What motivates you at the start of each day?

Answer: Talking about ideas with my peers gets me going. These can be general scientific questions or hypotheses, brainstorming with people in my lab. I love people gathering around coffee machines and asking each other how their projects are going, providing feedback, and bouncing ideas off of each other.

Now that I’ve opened my lab, every day I think about how to make it a good working environment for people to thrive in. I think about that a lot: as a group leader, we’re no longer doing everyday experiments ourselves, so it’s very important to provide a good environment for people to feel energised both in terms of ideas and experiments, as well as work and the kind of community that makes them motivated.

I think about how to build an environment where people feel comfortable collaborating: asking for and giving help to each other. What gets me excited is the science aspect as well as the mentoring aspect.


How have you adapted your approach to research during the pandemic?

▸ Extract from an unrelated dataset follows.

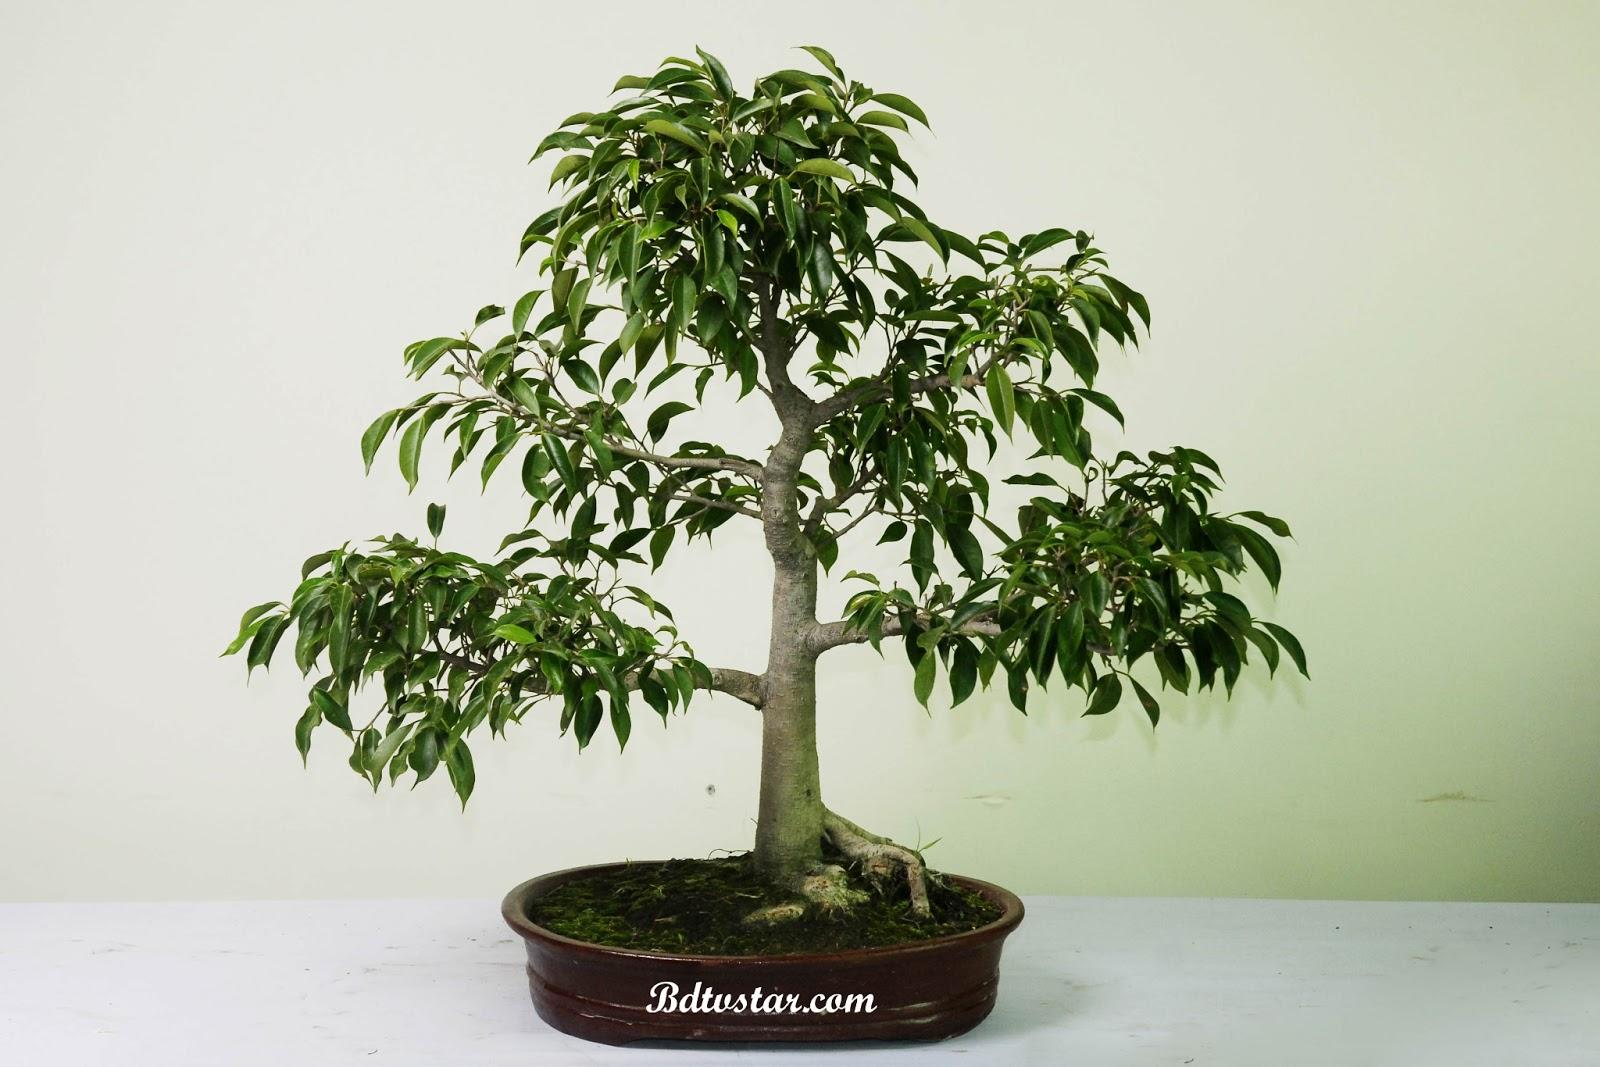 bonsai wallpaper 03 ndash - photo #37

Answer: I only moved to London around late-June and before that I was in Shanghai, which was mostly pandemic-free. So luckily most of my research hasn’t been affected as much as some of those of other members of the community. For a lot of people it was difficult. I can see how, if I were here, the most important thing would have been to make sure that people know they still have a community. Science is pretty lonely sometimes, especially when you run into problems. A lot of the issues are resolved when people are just next to each other and can help each other out. And when that’s not happening, either because of quarantine or people not being able to come to work, then I can see how it can be very difficult, especially for early career scientists. If I were here during last year’s lockdown as a group leader, that would have been the most important thing: to make sure people were okay and knew that things will be different, that they were not alone.


What area of your work most excites you and why?

Answer: I love problem-solving and getting experiments going. For most scientists, the ability to enjoy problem-solving is the key to happiness. I remember when I was an undergraduate going into graduate school, one of my colleagues said to me that: “what really differentiates people is whether you get defeated by initial failing attempts or just try an alternative and make seemingly slow but continuous progress”. But sometimes it’s easy to fall into a defeated state. I’ve learned from various people in my scientific career that simply staying positive and enjoying problem-solving is one of the key things to be able to make progress.

When people ask me, what do you like about being a scientist, at different stages of my career it would have been different things. But fundamentally it’s really the ‘fun’ aspect. In our discipline, we’re trying to understand how the brain works and how that influences behaviour. For me, that’s one of the most interesting questions one could ask. Honestly, I wake up thinking we’re the luckiest people: to be surrounded by peers who are also really interested in this question and can inspire each other. I really value the interaction I have with people.


If you hadn’t gone into academia, which career path would you have been interested in?

Answer: I remember being asked this very same question during my graduate school interview and struggling to answer! I’ve always wanted to be a scientist, even during early school years. If I had to think really hard about an alternative career path, I would go for a different job that also requires a lot of innovation, problem-solving and creativity. A lot of the jobs are not necessarily like that though and that’s why I feel so lucky because most days are different.

Sometimes I wonder whether the broad implication of what we do matters – there are more urgent issues in the world and one could make an impact that seems immediately more significant. But basic science is so valuable because you never really know (and I have to remind myself of this) what piece of knowledge is going to be the key insight that will trigger the next most important discovery.